1 Eintrag
1 Bewertung
60% Bewertung
  • Bewertung

    Geliebte kommen und gehen, sowie die Liebe selbst

    Exklusiv für Uncut von der ViENNALE
    „L’amant d’un jour“ bedeutet übersetzt so viel wie ein Liebhaber für einen Tag und begleitet einen kurzen Lebensabschnitt der jungen Erwachsenen Jeanne (Ester Garrel), ihrem Vater Gilles (Eric Caravaca), und seiner Freundin, in dem Liebe, Eifersucht und Herzschmerz dominieren. Doch anders als man vielleicht annehmen würde, fokussiert sich der neue Film von Regisseur Philippe Garrel weniger auf die Liebesbeziehungen an sich, sondern vielmehr auf die Tochter-Vater-Bindung und auf die unerwartete Freundschaft zwischen Jeanne und der Geliebten ihres Vaters.

    Jeder Mensch hat seine individuelle Art mit Liebeskummer umzugehen.
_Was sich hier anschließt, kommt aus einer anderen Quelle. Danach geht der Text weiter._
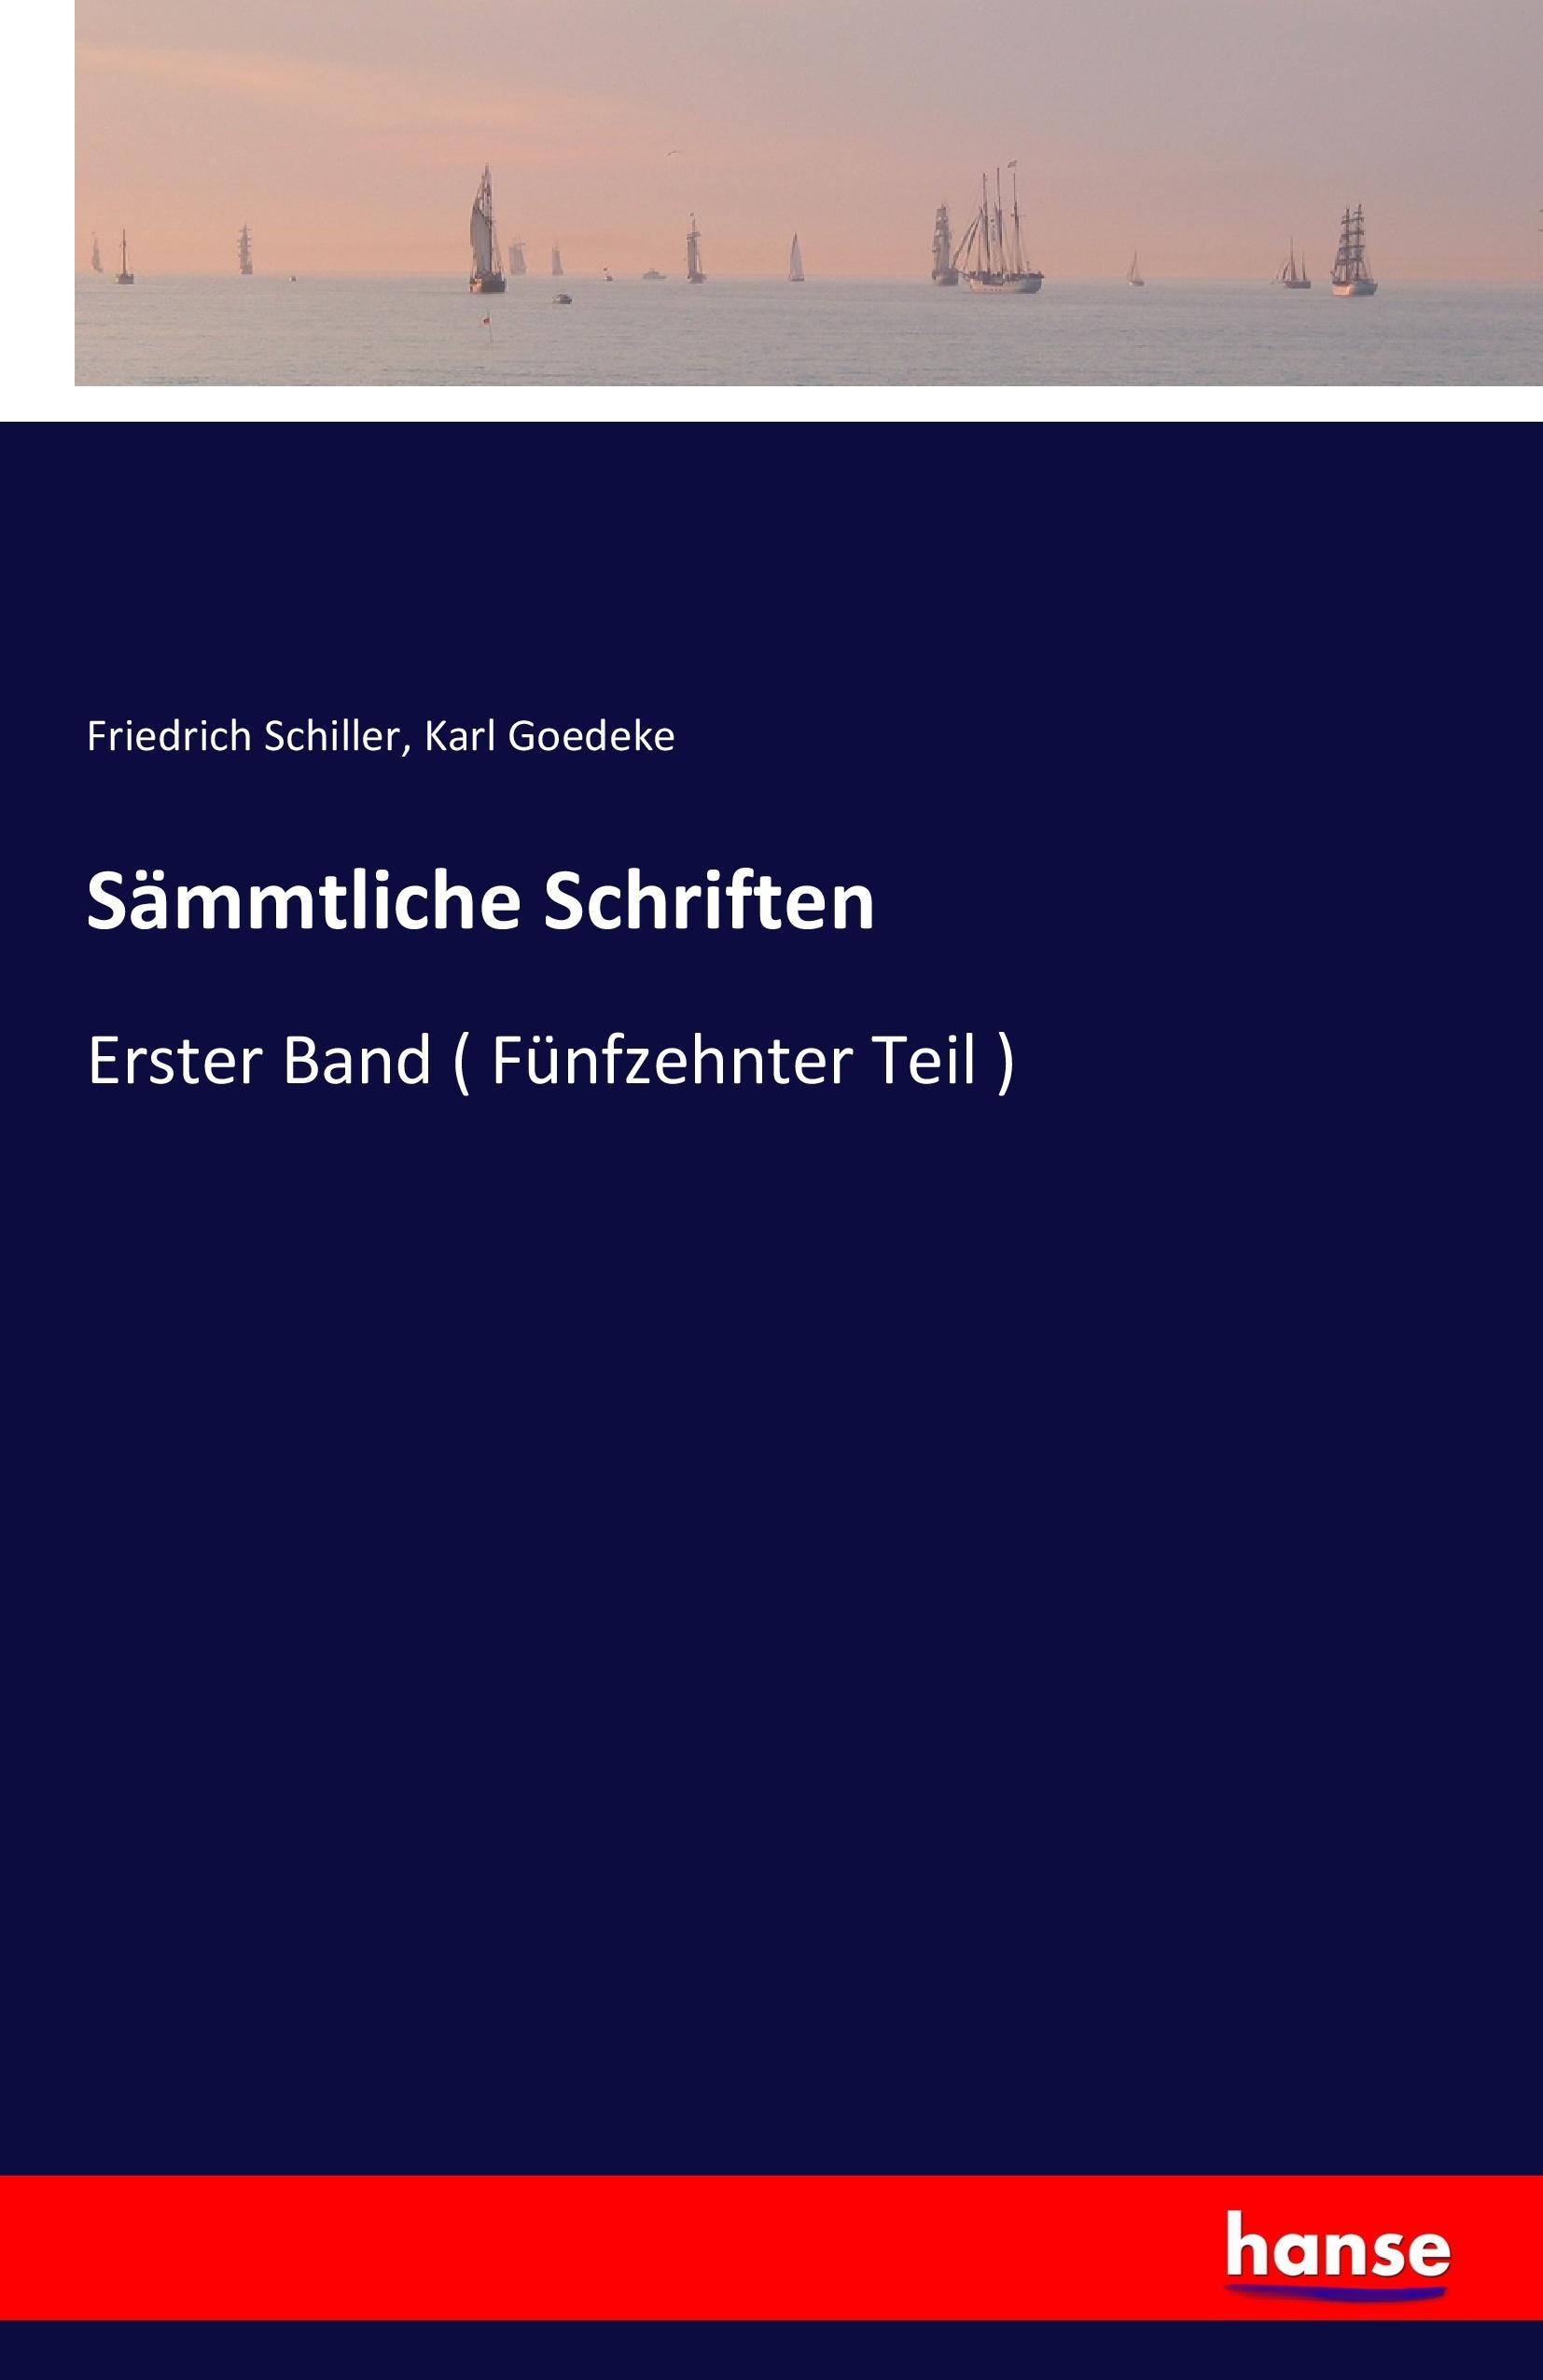 Sämmtliche Schriften | Erster Band ( Fünfzehnter Teil ) | Friedrich Schiller (u. a.) | Taschenbuch | Paperback | 432 S. | Deutsch | 2016 | hansebooks | EAN 9783741133336 - Schiller, Friedrich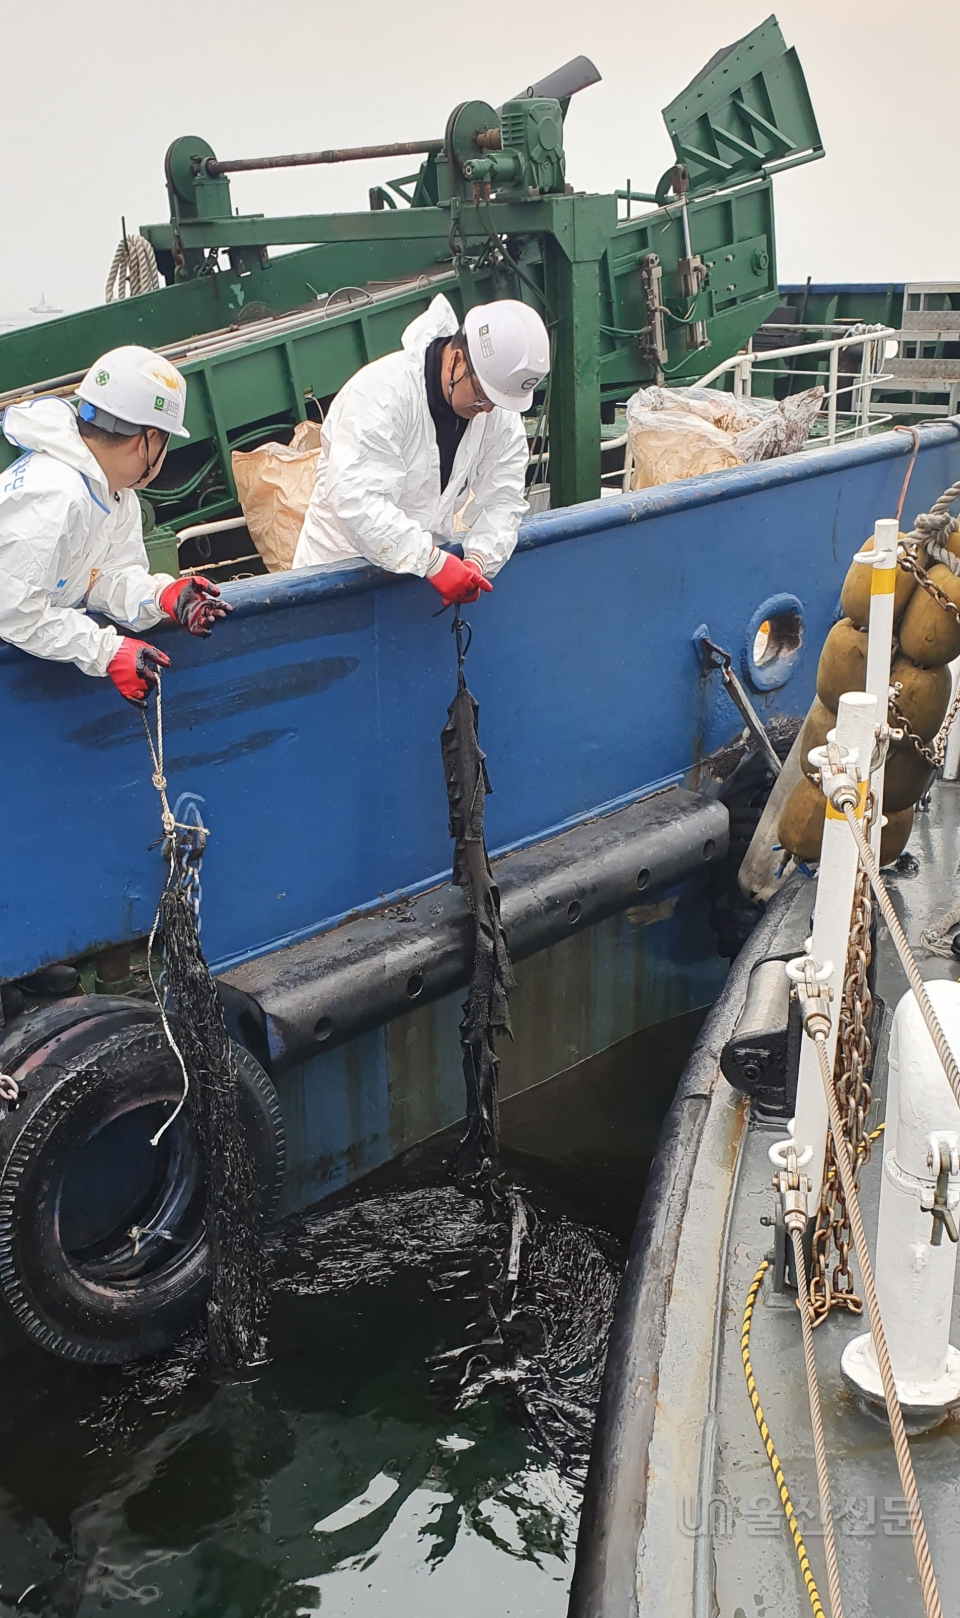 지난 11일 울산시 울주군 앞바다에 있는 한국석유공사 원유이송시설(부이)에서 기름이 유출돼 방제 작업이 진행되고 있다. 울산해양경찰서 제공

Die einen stürzen sich in die Arbeit, entdecken neue Hobbys oder versinken einfach nur im tiefsten Selbstmitleid. Aber letzten Endes haben sie fast alle eines gemeinsam: Das Leben geht weiter und der Schmerz lässt mit der Zeit nach – so abgedroschen das auch klingen mag. Die junge Jeanne, die erst frisch von ihrer großen Liebe Matéo (Paul Toucang) verlassen wurde, bedient sich der letzteren Methode und droht im Meer ihrer Tränen zu versinken. Verletzt und alleingelassen zieht sie deshalb zurück zu ihrem Vater Gilles, wo sie überraschend auf seine neue Freundin trifft. Gilles ist Philosophieprofessor, seine Freundin Ariane (Louise Chevillotte) eine ehemalige Studentin aus einem seiner Kurse und ist somit in etwa im selben Alter wie Jeanne. Doch anstatt das Konfliktpotential auszuschöpfen, werden die beiden jungen Frauen zu Freundinnen, die durch Geheimnisse miteinander verbunden sind und sich gegenseitig trösten und stärken. Konkurrenzdenken und das Buhlen um Gilles Aufmerksamkeit schwingen allerdings trotzdem immer ein wenig mit, was durch den kleinen Raum auf dem die drei zusammenwohnen, begünstigt wird.

    Der Regisseur des Films, Philippe Garrel arbeitet in „L’amant d’un jour“ wieder einmal mit einem nahestehenden Familienmitglied zusammen, was wenn man sich seine Familiengeschichte anschaut, in der fast alle noch lebenden Mitglieder in der Filmbranche tätig sind, nicht wirklich verwunderlich ist. Seine Tochter Ester Garrel spielt die Rolle der unter Liebeskummer leidenden Jeanne auch ohne Familienbonus mit Bravour und Einfühlsamkeit. Seit einigen Jahren ist sie nun schon eine etablierte französische Schauspielerin, die auch in ausländischen Produktionen wie in Nathan Silvers „Thirst Street“, der ebenfalls bei der Viennale zu sehen war, in einer Nebenrolle ihre Schauspielkunst unter Beweis stellen konnte.

    Obwohl die Story des Films sehr simpel ist, werden manche Erwartungshaltungen unterlaufen, wie beispielsweise die Beziehung zwischen Adriane und Jeanne. Zudem wird das Geschehen von einer außenstehenden, weiblichen Voice-Over Stimme kommentiert und prophezeit, was zu Beginn sehr befremdlich wirkt, weil man diese Stimme weder Situationen noch einer Person zuordnen kann. Häufig bekommt die Erzählstimme im Verlauf eines Liebesfilmes ein Gesicht oder ist die Protagonistin selbst als Ich-Erzählerin, es sei denn sie hat einen audioästhetischen Mehrwert oder unterstreicht den Fairy-Tail-Charakter eines Films. Doch da „L’amant d’un jour“ so nah an der Realität spielt und fast jeder der Zuschauerinnen und Zuschauer bereits selbst vergleichbare Situationen erlebt haben, neigt man dazu Spekulationen über die Unbekannte aus dem Off aufzustellen. Ist es vielleicht Jeannes abwesende Mutter, die aus der Ferne eine spirituelle Verbindung zu der Dreiecksbeziehung aufnimmt? Das gilt es nicht zu beantworten, denn diese besondere Erzählweise des Films ist wohl den Einflüssen der Nouvelle Vague zuzuschreiben, welche Philippe Garrels Schaffen sowieso seit seinem Berufseinstieg inmitten der 1960er Jahre nachhaltig extrem geprägt hat.

    Auf diese Weise kreiert Philippe Garrel einen emotionalen Film, der mit einer besonderen Erzählweise in schwach kontrastiertem Schwarzweiß auf der Leinwand erstrahlt und von ihren sinnlichen Schauspielern getragen wird.